TASK GOAL: The answer is the full listing below, copied exactly, with its pictures omitted.

AVAILABLE DATA:
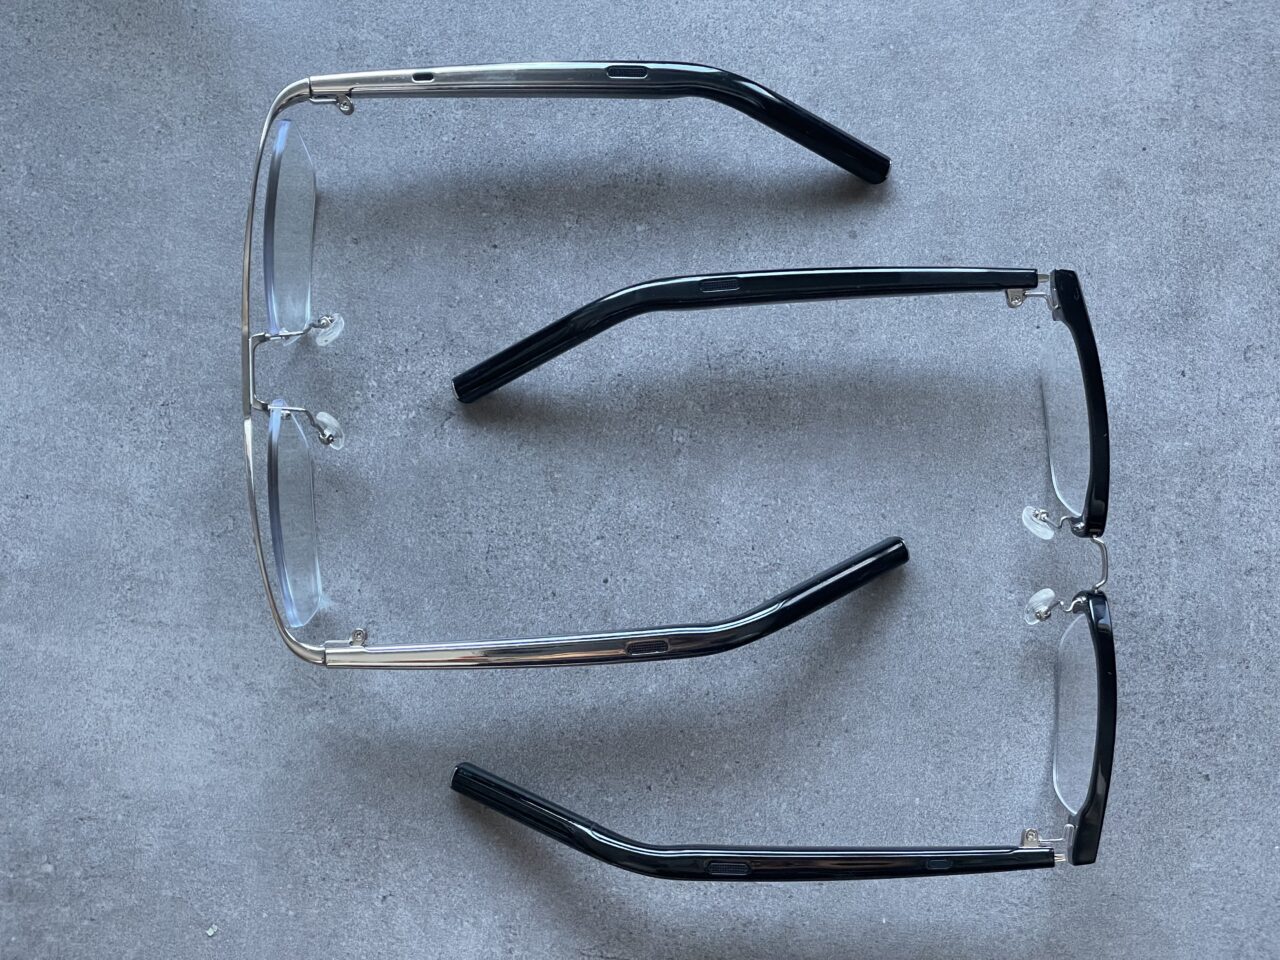 Dwa rozbite okulary z przezroczystymi szkłami na szarym tle, ich oprawki są połamane i rozłożone na dwie części.
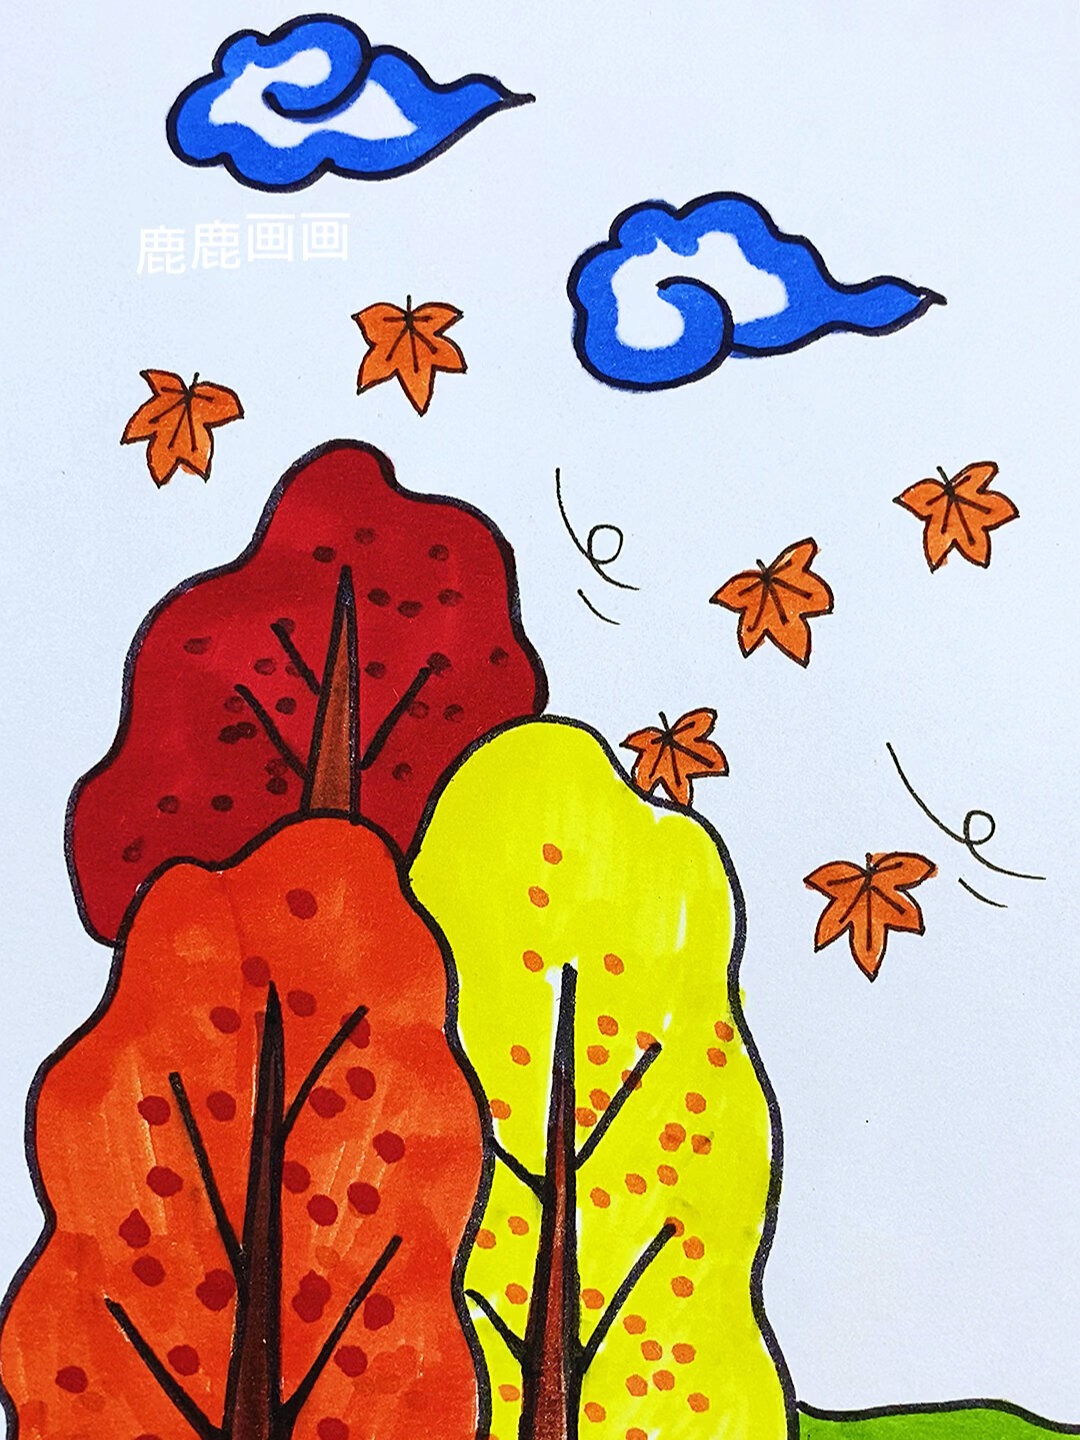 画秋天,简单又好看的大自然主题画
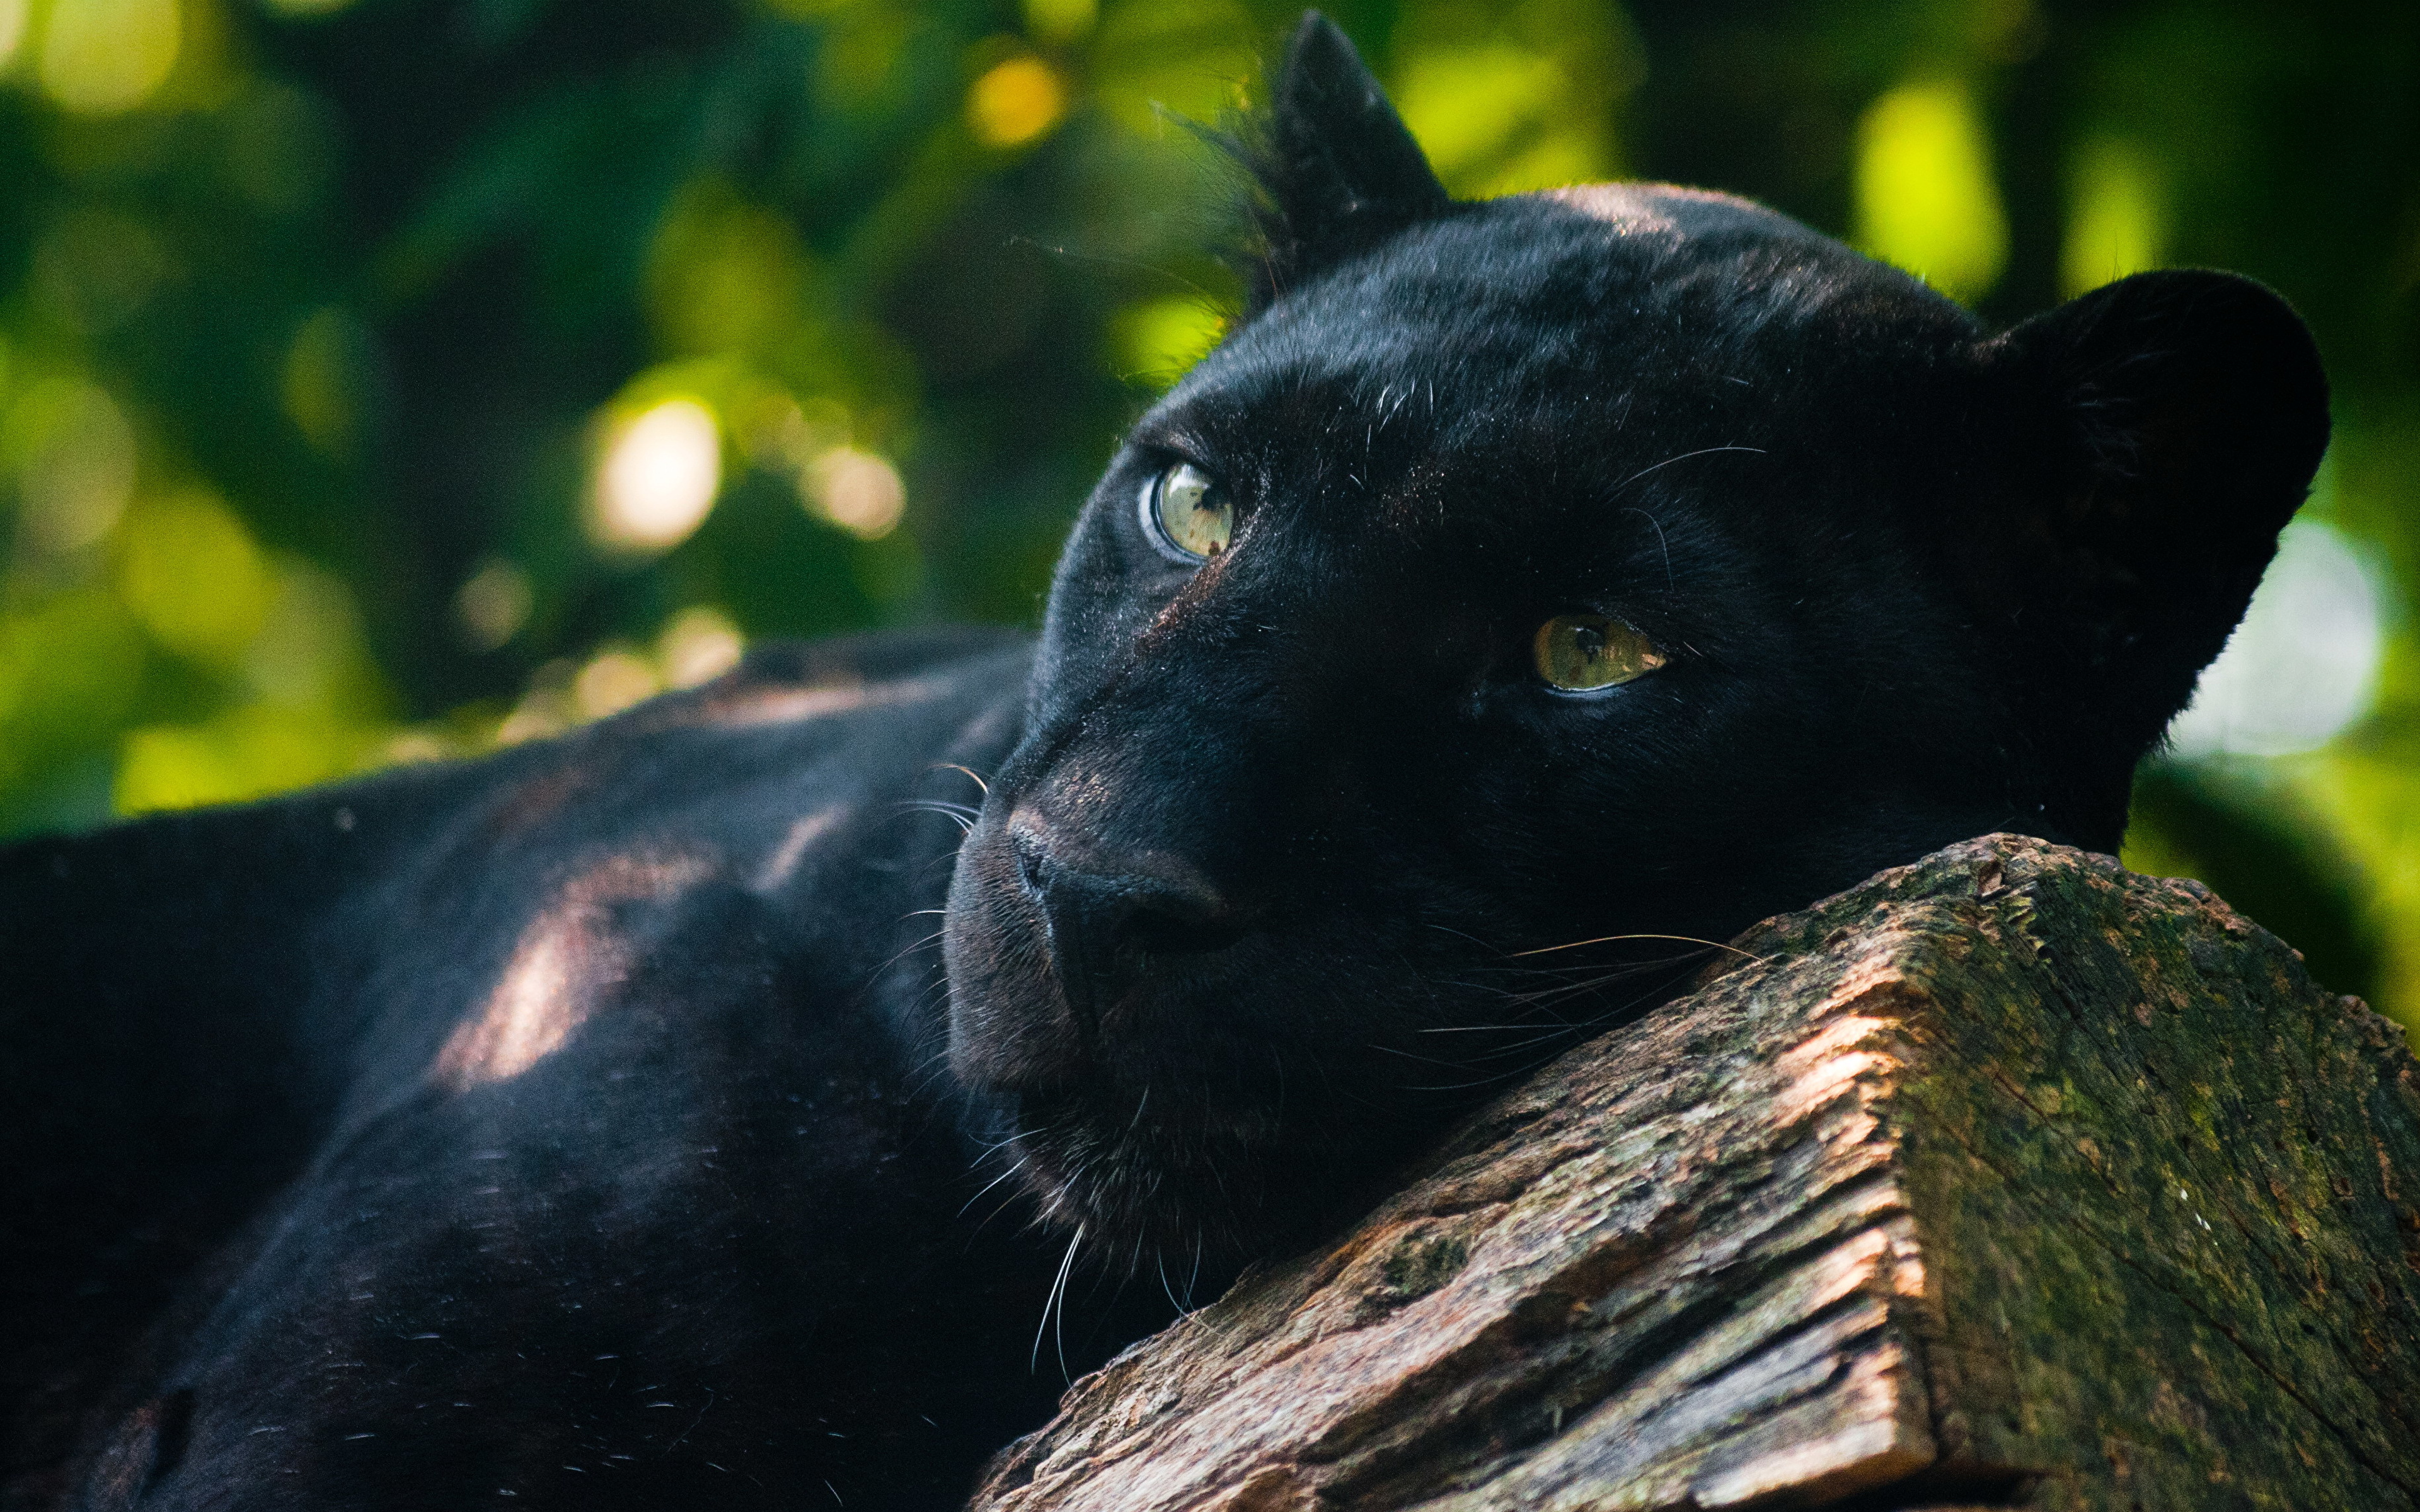 Fondos de Pantalla 3840x2400 Grandes felinos Pantera negra Animalia  descargar imagenes

EXERCISE SOLUTION:
 Dwa rozbite okulary z przezroczystymi szkłami na szarym tle, ich oprawki są połamane i rozłożone na dwie części.
 画秋天,简单又好看的大自然主题画
 Fondos de Pantalla 3840x2400 Grandes felinos Pantera negra Animalia  descargar imagenes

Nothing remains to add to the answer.